If Alice has adequately scoped and executed these compliance activities, she may begin the process to become FedRAMP compliant by hiring an approved third-party auditor. Typically this process takes up to 6 months, after which she will receive an Authority to Operate and can offer OpenStack cloud services to the government.

 Bob's Public Cloud

Bob is tasked with compliance for a new OpenStack public cloud deployment, that is focused on providing cloud services to both small developers and startups, as well as large enterprises. Bob recognizes that individual developers are not necessarily concerned with compliance certifications, but to larger enterprises certifications are critical. Specifically Bob desires to achieve SOC 1, SOC 2 Security, as well as ISO 27001/2 as quickly as possible. Bob references the Cloud Security Alliance Cloud Control Matrix (CCM) to assist in identifying common controls across these three certifications (such as periodic access reviews, auditable logging and monitoring services, risk assessment activities, security reviews, etc). Bob then engages an experienced audit team to conduct a gap analysis on the public cloud deployment, reviews the results and fills any gaps identified. Bob works with other team members to ensure that these security controls and activities are regularly conducted for a typical audit period (~6-12 months).
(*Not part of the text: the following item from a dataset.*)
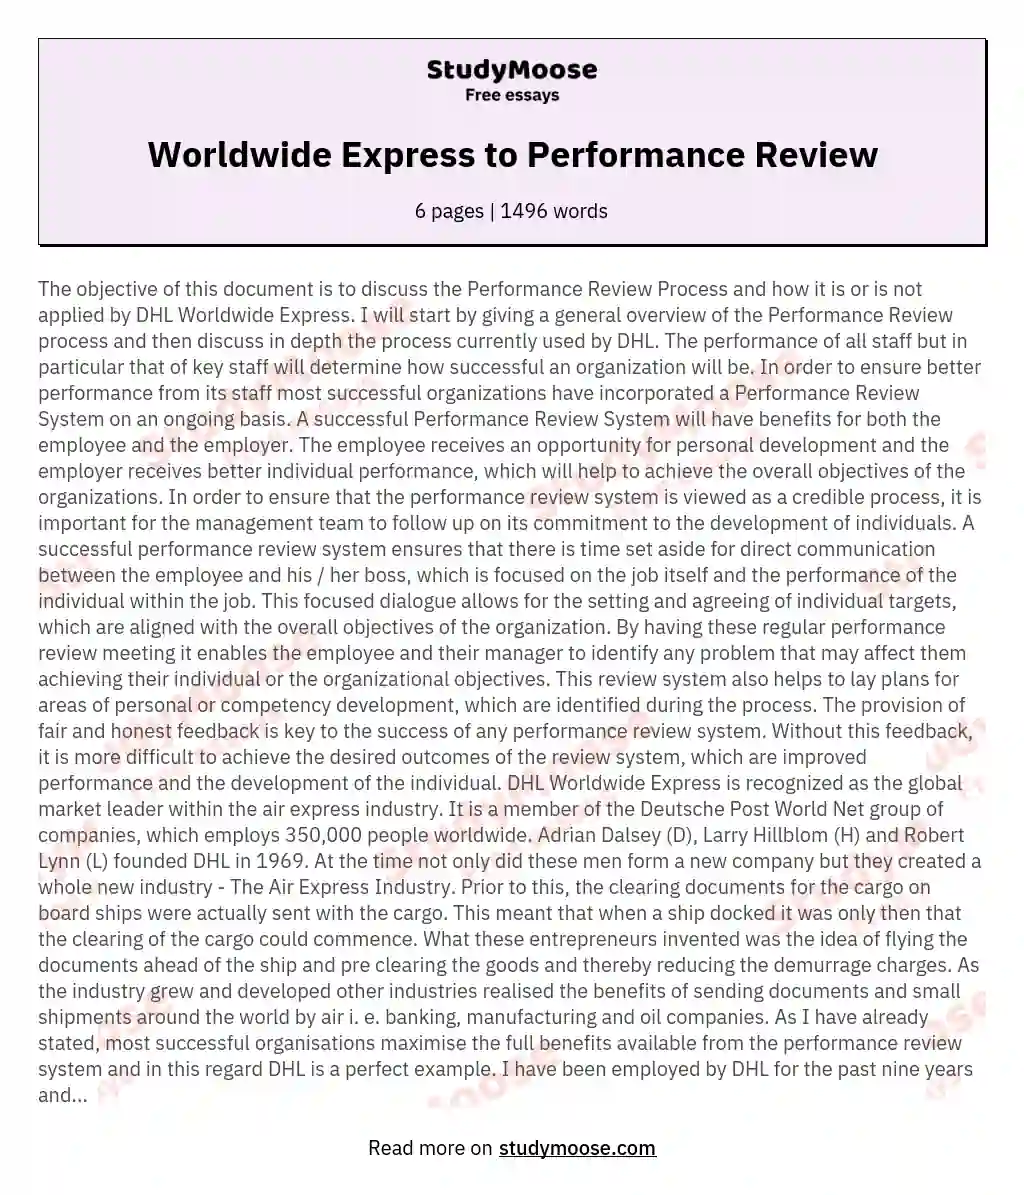 Worldwide Express to Performance Review essay

At the end of the audit period Bob has arranged for an external audit team to review in-scope security controls at randomly sampled points of time over a 6 month period. The audit team provides Bob with an official report for SOC 1 and SOC 2, and separately for ISO 27001/2. As Bob has been diligent in ensuring security controls are in place for his OpenStack public cloud, there are no additional gaps exposed on the report. Bob can now provide these official reports to his customers under NDA, and advertise that he is SOC 1, SOC 2 and ISO 27001/2 compliant on his website.